Suggested Answers: CLT

Central Limit Theorem

To start this activity, we are going to demonstrate what the CLT is all about.

Below, we are going to generate a population distribution. This is not observed in real life. We are simply pretending we know this for demonstration purposes.

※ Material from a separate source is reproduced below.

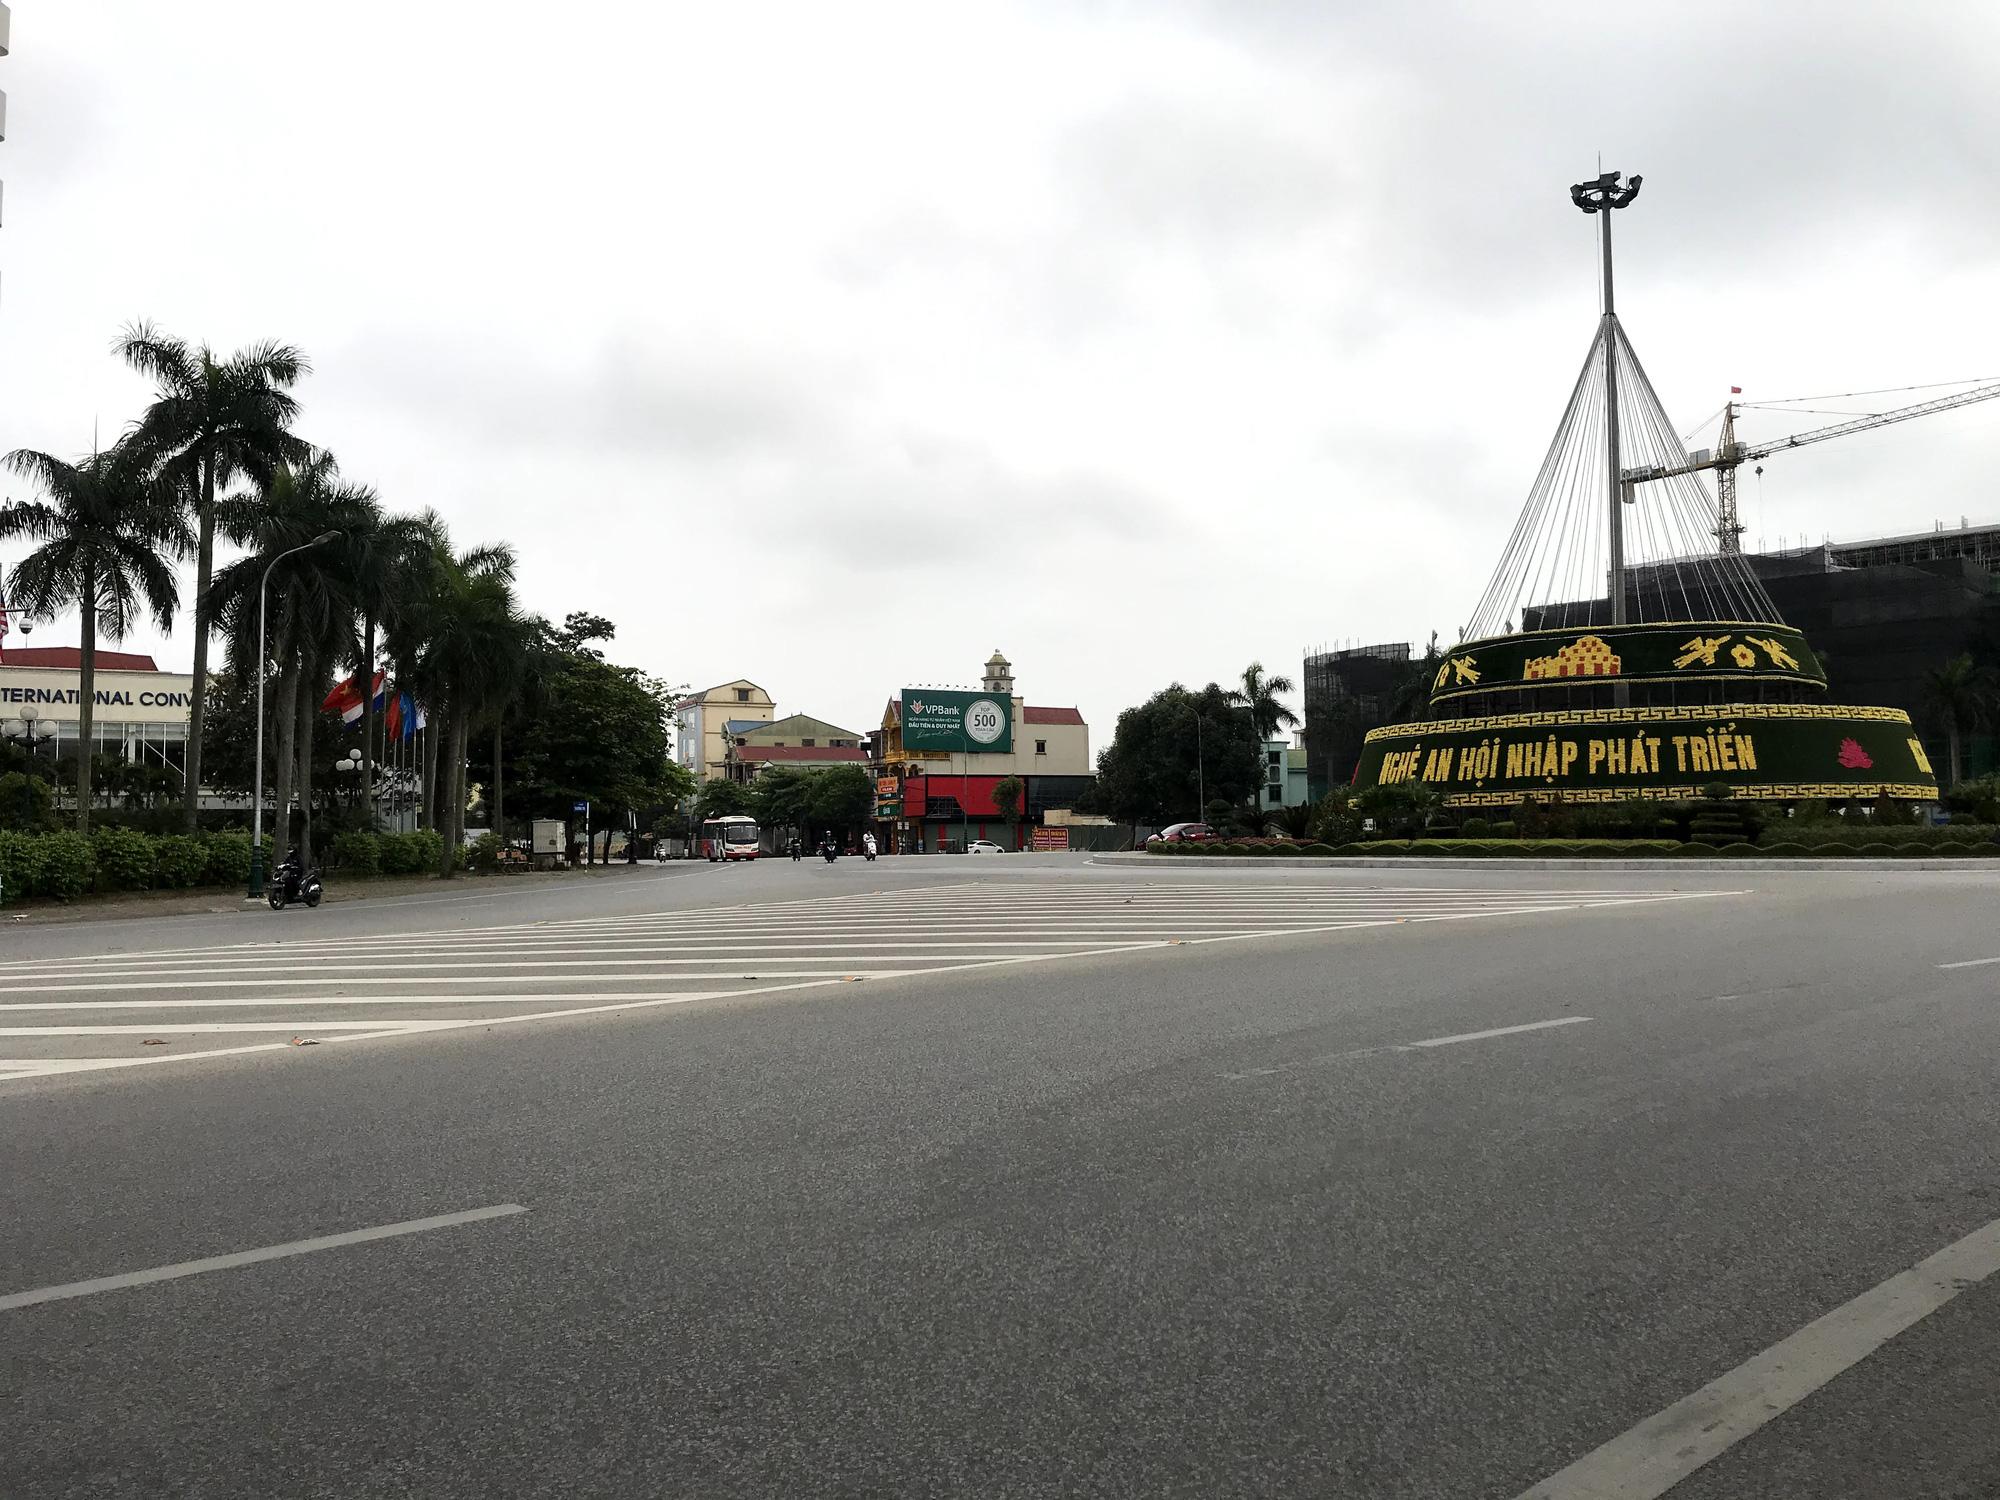 Dịch Covid-19 tại Nghệ An: Tiểu thương chợ Vinh ế ẩm, các cơ sở kinh doanh dịch vụ, giải trí đồng loạt đóng cửa - Ảnh 10.
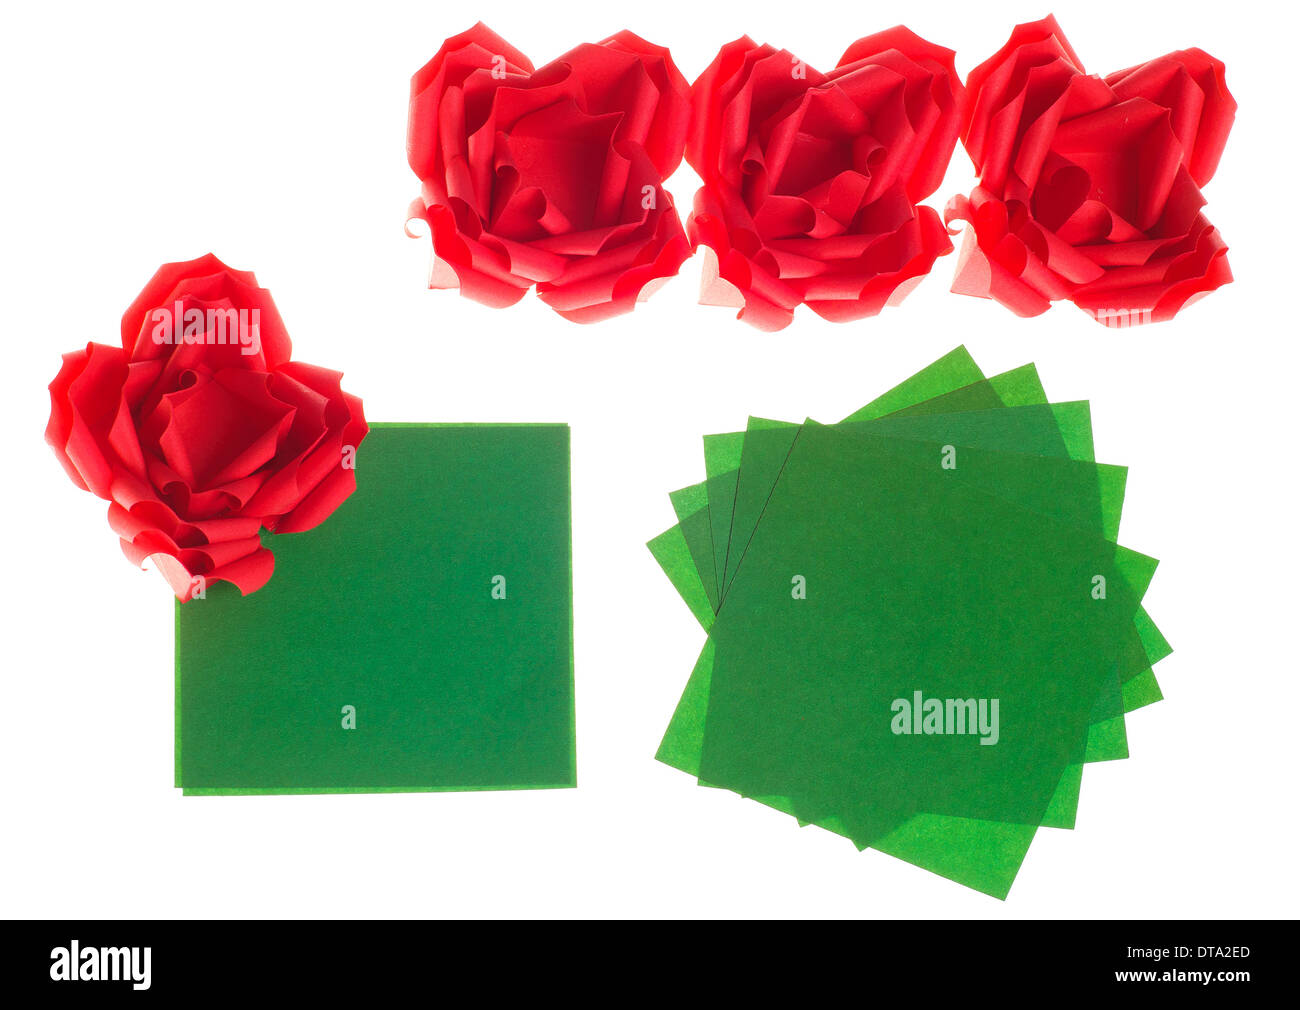 Paper flowers rose diy tutorial easy for children/origami flower ...   1010x1300

rs_pop <- tibble(x = rbeta(100000, 1, 5) * 100)


rs_pop |>
  ggplot(
    aes(x = x)) +
  geom_density(fill = "blue") 

We are now going to draw samples from this population distribution, take the mean and repeat this process!

Below, draw one sample.

set.seed(2)

samp_2 <- rs_pop |>
  sample_n(size = 50) |>
  summarize(x_bar = mean(x))

samp_2
# A tibble: 1 × 1
  x_bar
  <dbl>
1  18.9

To make a distribution of sample means…. we need to do this process over and over and over again. Let’s do this below.

set.seed(333) 

sampling <- rs_pop |>
  rep_sample_n(size = 50, reps = 5000) |>
  group_by(replicate) |>
  summarize(xbar = mean(x))

Now, create a histogram of the sample means below. But, before you do…. please answer the following question:

– Do you expect this distribution to be normally distributed or not? Justify your answer?

Yes! We meet the sample size requirement. n greater than 30

sampling |> 
  ggplot(
    aes(x = xbar)
  ) + 
  geom_histogram()
`stat_bin()` using `bins = 30`. Pick better value with `binwidth`.

We know that the mean of our sampling distribution should be about the same as the mean of our population distribution. Check this below:

sampling |>
  summarize(m = mean(xbar))
# A tibble: 1 × 1
      m
  <dbl>
1  16.6
rs_pop |>
  summarize(m = mean(x))
# A tibble: 1 × 1
      m
  <dbl>
1  16.6

Takeaway And we can use this to create confidence intervals for our population parameter of interest (much like we can with bootstrap methods)

Small Sample Size

Now, let’s change our sample size to 3, violating as assumption of the CLT, and see how it impacts our sampling distribution.

set.seed(333) 

sampling <- rs_pop |>
  rep_sample_n(size = 3, reps = 5000) |>
  group_by(replicate) |>
  summarize(xbar = mean(x))

Again, create a histogram of the sample means and comment on the shape of the distribution below.

sampling |>
  ggplot(
    aes(x = xbar)
  ) + 
  geom_histogram()
`stat_bin()` using `bins = 30`. Pick better value with `binwidth`.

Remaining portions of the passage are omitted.